We’re good friends.  He makes me laugh.  I slip my hand in his back pocket.  He asks, “What are you, the Artful Dodger?” and pretends to pull a handkerchief from my ear.  I let myself smile.  But when I rise on my tiptoes to slip him some tongue and he makes a face, I’m furious.

We talk.  Of course we talk.  I feel rejected.  He feels misunderstood.  I say things like, “This is a really important part of our relationship to me: intimacy, tenderness–” He finishes my sentence, “–sex.”  ”Yes, sex!  And I don’t see why I should be made to feel bad about that.  We are young and beautiful and in love . . . ”  ”Yes, we are all those things, Cat, but I can’t be responsible for making you feel like it.”  ”What do you mean ‘responsible’?  I’m asking you to partner me.”  I’m turning hysterical, “You make me sound like some gaping pit of need.”  He’s crossing his arms, uncrossing them, bringing his hands up to his face, running his fingers through his hair.  I go on, “I am not a monster!  I am not preying on you!  These are reasonable things to want!   He looks utterly defeated.  Still I don’t stop, “Other people want these things!  I know because everywhere I go, people advertise their desire.  The world is open to me the way I’m open to you, but you, you’re closed.”  He rolls his eyes and throws up his hands, “Fine, Cat.  Other people want you.  What do you want me to say to that?  I won’t be bullied by you.  You’ll either stay because you want to, or you’ll go and I’ll be devastated.  But I’m not going to play this game.”  I can barely hear him.  ”What game?

Our friends throw parties, host dinners, invite us out.  ”Were you planning on coming to Amy and Mary’s tonight?”  ”What’s going on there?”  ”Their joint birthday party, remember?  They sent out that email.  You and I talked about it last week.”  ”You know, babe, I just don’t think I’m up to it tonight.”  That’s fine.  I figured.  Coat, keys, hat, and gloves.  ”Love you.”  ”Love you, too.  Have fun.”

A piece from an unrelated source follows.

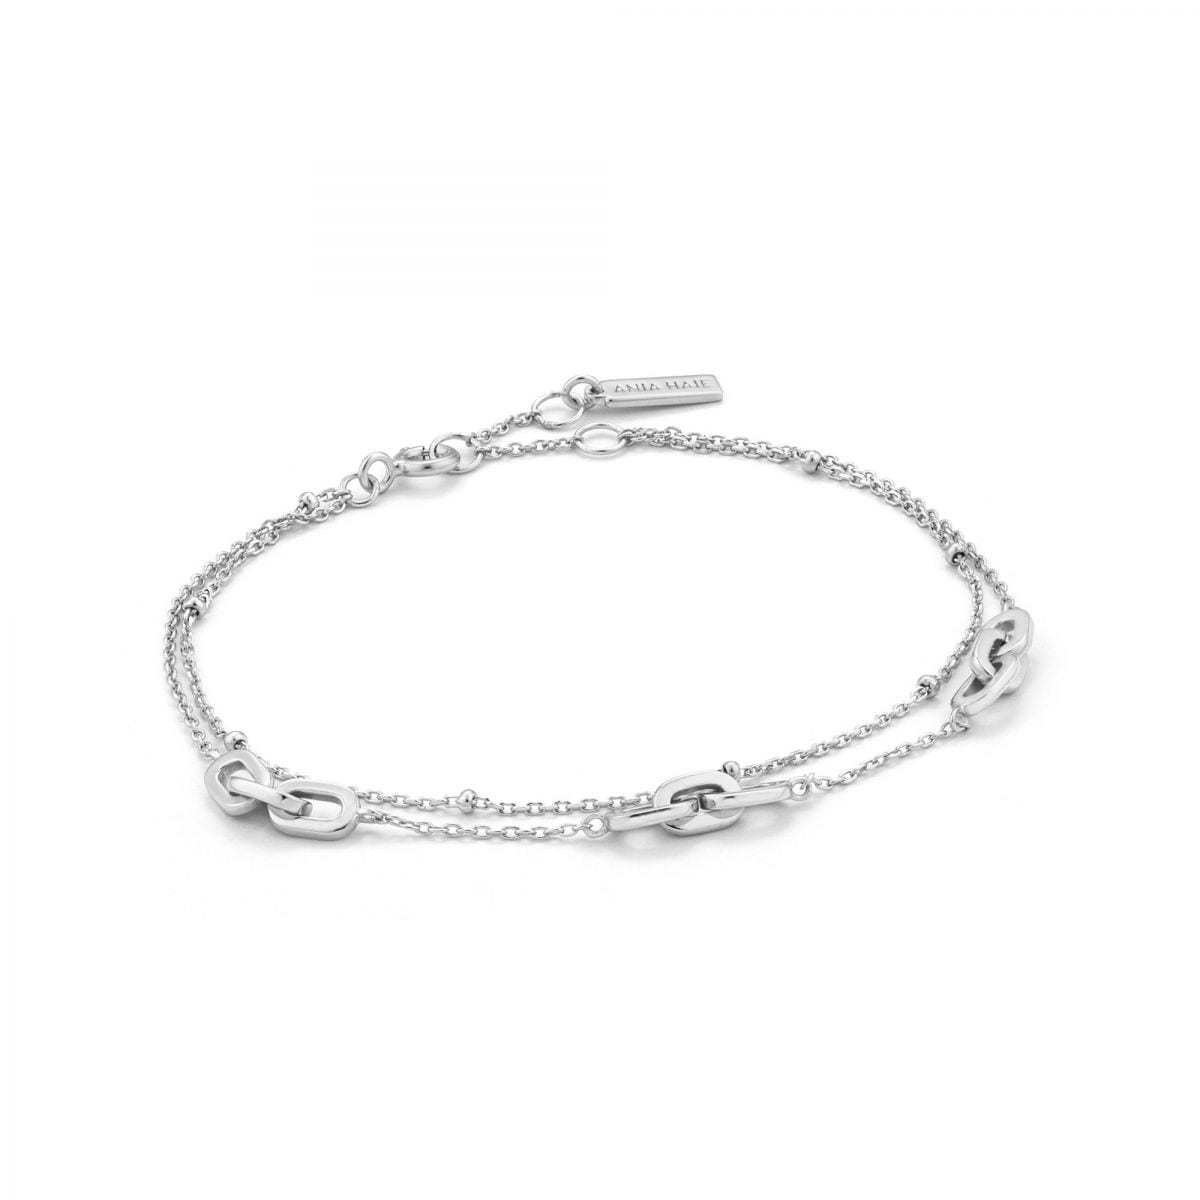 Small Chain Bracelet by Ania Haie - Nelson Coleman Jewelers

The party is packed.  Daniel and Scott are both there.  I like the way Daniel touches my arm as he leans in for a kiss, “Nice to see you.”  I notice the cut of Scott’s trousers–where they tug and bunch.  All the boys look ruddy and ready.  The girls look rosy and ready too.  In the too-hot hallway I run into Heather.  Heather is a prodigy: several years ahead of me in the PhD, but a handful of years younger than me, staggeringly verbal, pretty in a wholesome way, evangelical, gay, and never been kissed.  She tends to text me throughout the day: shorthand epistles about the ups and downs of her inner life–feelings of loneliness, feelings of belonging. I tend not to respond, or to respond only minimally, “Boo. Sounds rough. So sorry, Heather,” or “Yay!  Happy day!,” that kind of thing.  She doesn’t seem to mind my reticence, and I only sometimes resent being thrown into a big-sister-meets-surrogate-girlfriend role.  ”How are you?” she asks a little too meaningfully,  cocking her head, and resting her hand heavily on my shoulder.”  I have no idea what to say.  I make a decision: I am going to tell the truth, and to Heather of all people, in this sweltering hallway.  ”Not good . . . ”  I tell her about the spats, the selfishness, my deepening skepticism about my capacities to love.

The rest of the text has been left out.